Saruman of Many Colours said:


> How about a wooden pub sign for 'The Slaughtered Lamb'?: http://www.redbubble.com/people/jef...&utm_medium=google_products&utm_source=google


Thanks for the cool idea! I fired it off to Roz and got a pretty hyper response after she did a face palm.  She asked if I can make foam mock up signs for bars and pubs from a bunch of werewolf movies and books. Her list so far is the Slaughtered Lamb [and she said to thank you for that suggestion specifically and for the concept in general], a cafe from American Werewolf in Paris, the werewolf garage from the Harry Dresden book, and the Lunatic cafe from that Laurell Hamilton book. Her boyfriend has been tasked with finding more bars, hotels, pubs, etc for more sign options. We may use one big sign on the fron of the house and then smaller signs or posters in the house as decor--like a wolf version of TGIF's.


----------



## Saruman of Many Colours (Sep 8, 2010)

No problem. Glad to help.

Here's another one from 'True Blood': http://trueblood.wikia.com/wiki/Lou_Pine's


----------



## Spookhouse 2012 (Jun 12, 2012)

If you can afford it (because they are expensive) get the werewolves from spirit
The Howler is $129.99
Limb Ripper is $199.99
Spitting Werewolf $199.99


----------



## offmymeds (May 26, 2010)

Tarker Mills is the name of the town where Cycle of the Werewolf was set.

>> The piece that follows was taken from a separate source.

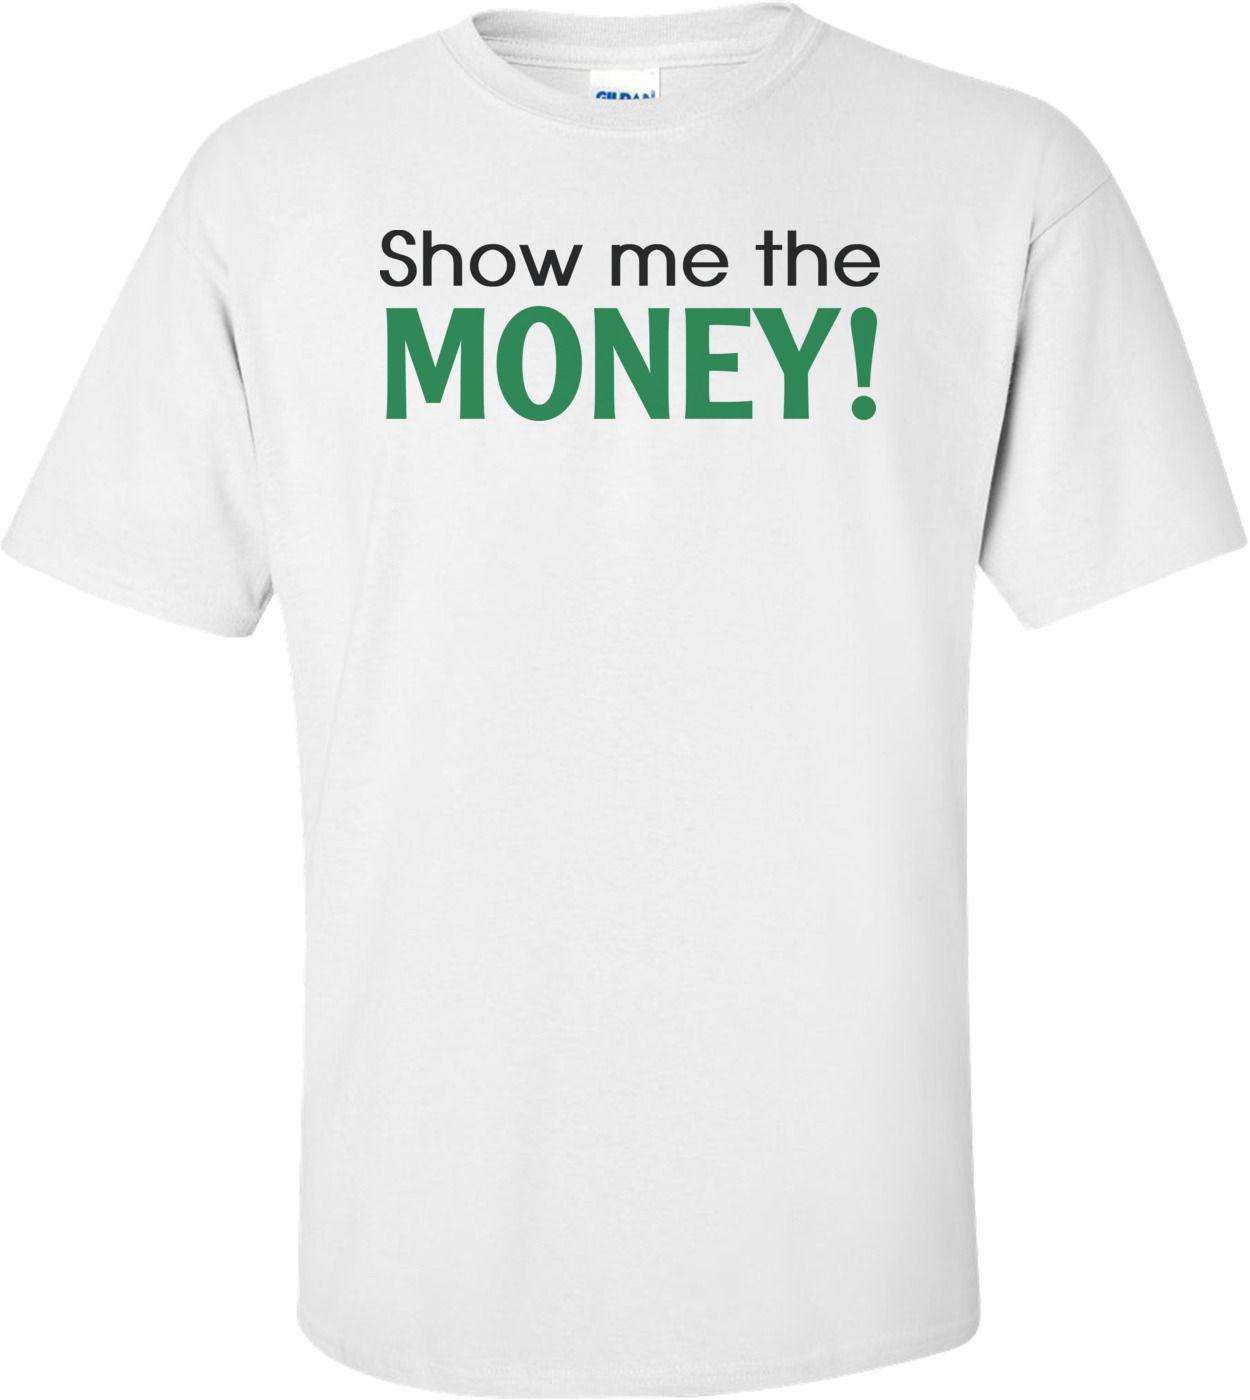 Show Me The Money T Shirt 3d Men Hot Cheap Short Sleeve Male T Shirt 100%  Cotton Short Sleeves Tee Shirts Top Tee Graphic Tee Shirts T Shirt Sayings  From ... c6228180922c

Good show!!


----------



## ondeko (Oct 14, 2008)

Thanks for the help. I appreciate it.

Spookhouse--thanks for the info. Out of her price range but still cool to check out.
Offmymeds--I'm not familiar with Cycle of the Werewolf. TV? cable? film? Please fill me in.


----------



## offmymeds (May 26, 2010)

Sorry, Cycle of the Werewolf was the book. the movie is called Silver Bullet, by Stephen King.


----------



## MisteroftheDark (Sep 23, 2012)

If you do a strong drink or shot, maybe label it as "wolfsbane" via the container or otherwise, and tell everyone its going to "burn" going down.


----------



## ondeko (Oct 14, 2008)

Offmymeds--thanks. Roz thought she had a pretty thorough list of werewolf video and neither of us had heard of a film by that name. Of course neither of us thought to cross reference it with her book list. doh.

Mr of the Dark--good idea. Thanks!


----------